New mockChatHookService.ts shared by these and existing autopilot/hooks specs.

Copilot

Pull request overview

Improves resilience of the Copilot search subagent loop when the rendered prompt exceeds the model context window by proactively rendering against a safer effective budget and reactively re-rendering with progressively smaller budgets on detected context-overflow failures.

Changes:

Adjust prompt rendering budget in buildPrompt by subtracting tool-definition tokens, applying a safety margin, and rendering with an endpoint cloned to that effective budget.
Add context-overflow detection and retry logic in fetch that re-renders with progressively smaller budgets before giving up.
Add unit tests for the overflow detection helper and the retry behavior.

Show a summary per file

File	Description
extensions/copilot/src/extension/prompt/node/searchSubagentToolCallingLoop.ts	Adds proactive prompt-budget sizing, overflow detection, and reactive re-render/retry behavior.
extensions/copilot/src/extension/prompt/test/node/searchSubagentToolCallingLoop.spec.ts	Adds tests for `isContextOverflowError` and for fetch retry behavior on context overflow.

Copilot's findings

Comments suppressed due to low confidence (2)

extensions/copilot/src/extension/prompt/test/node/searchSubagentToolCallingLoop.spec.ts:86

createMockChatRequest sets location: 1. Even though this currently corresponds to ChatLocation.Panel, using the enum value directly avoids coupling the test to the numeric representation and makes intent clearer.

		enableCommandDetection: false,
		isParticipantDetected: false,
		toolReferences: [],
		toolInvocationToken: {} as ChatRequest['toolInvocationToken'],

extensions/copilot/src/extension/prompt/test/node/searchSubagentToolCallingLoop.spec.ts:128

successResponse() builds a partial success object and then casts with as unknown as ChatResponse. This weakens the test’s type-safety and can hide breaking changes to the ChatResponse shape (e.g. required resolvedModel/usage).

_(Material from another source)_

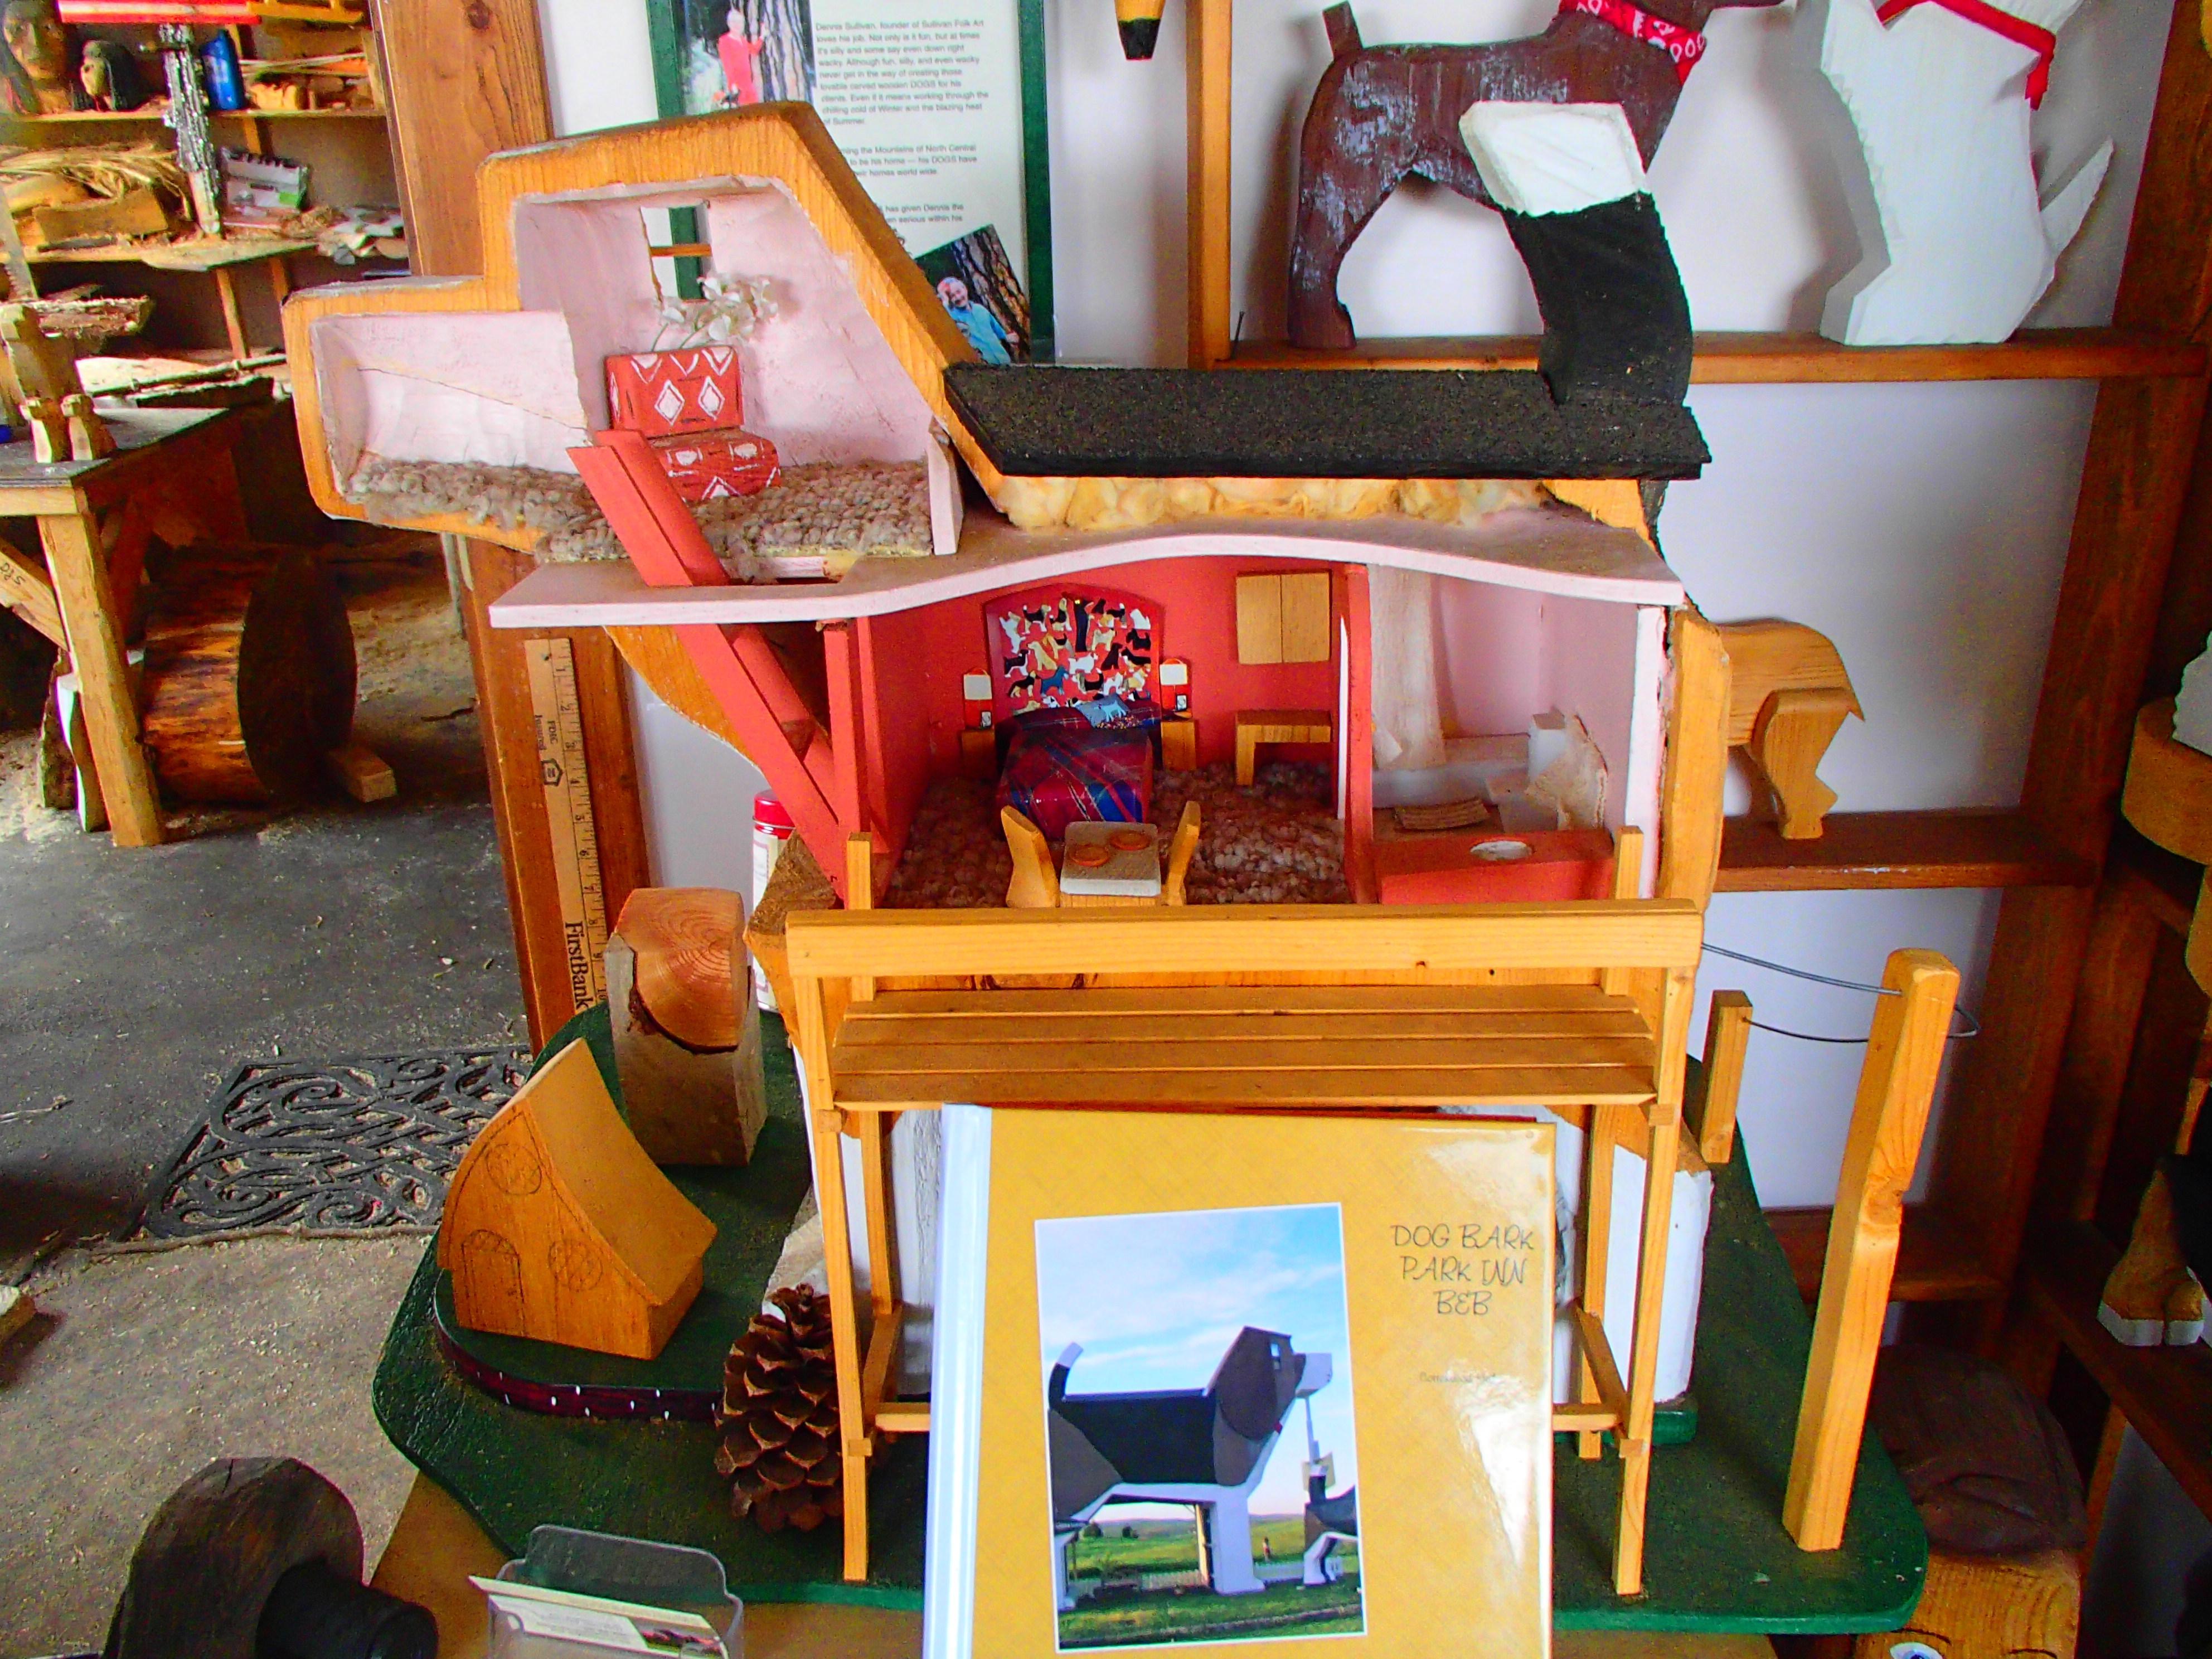 OLYMPUS DIGITAL CAMERA. The Artists Who Run The Dog Bark Park Inn ...

Prefer constructing a fully-typed ChatResponse object instead of double-casting.

		requestId: 'req-ok',
		serverRequestId: undefined,
	} as unknown as ChatResponse;
}

Files reviewed: 2/2 changed files
Comments generated: 1

bhavyaus · 2026-05-20T03:38:00Z

This feels a bit more complicated than it needs to be. Could we lean on what the main agent loop already does?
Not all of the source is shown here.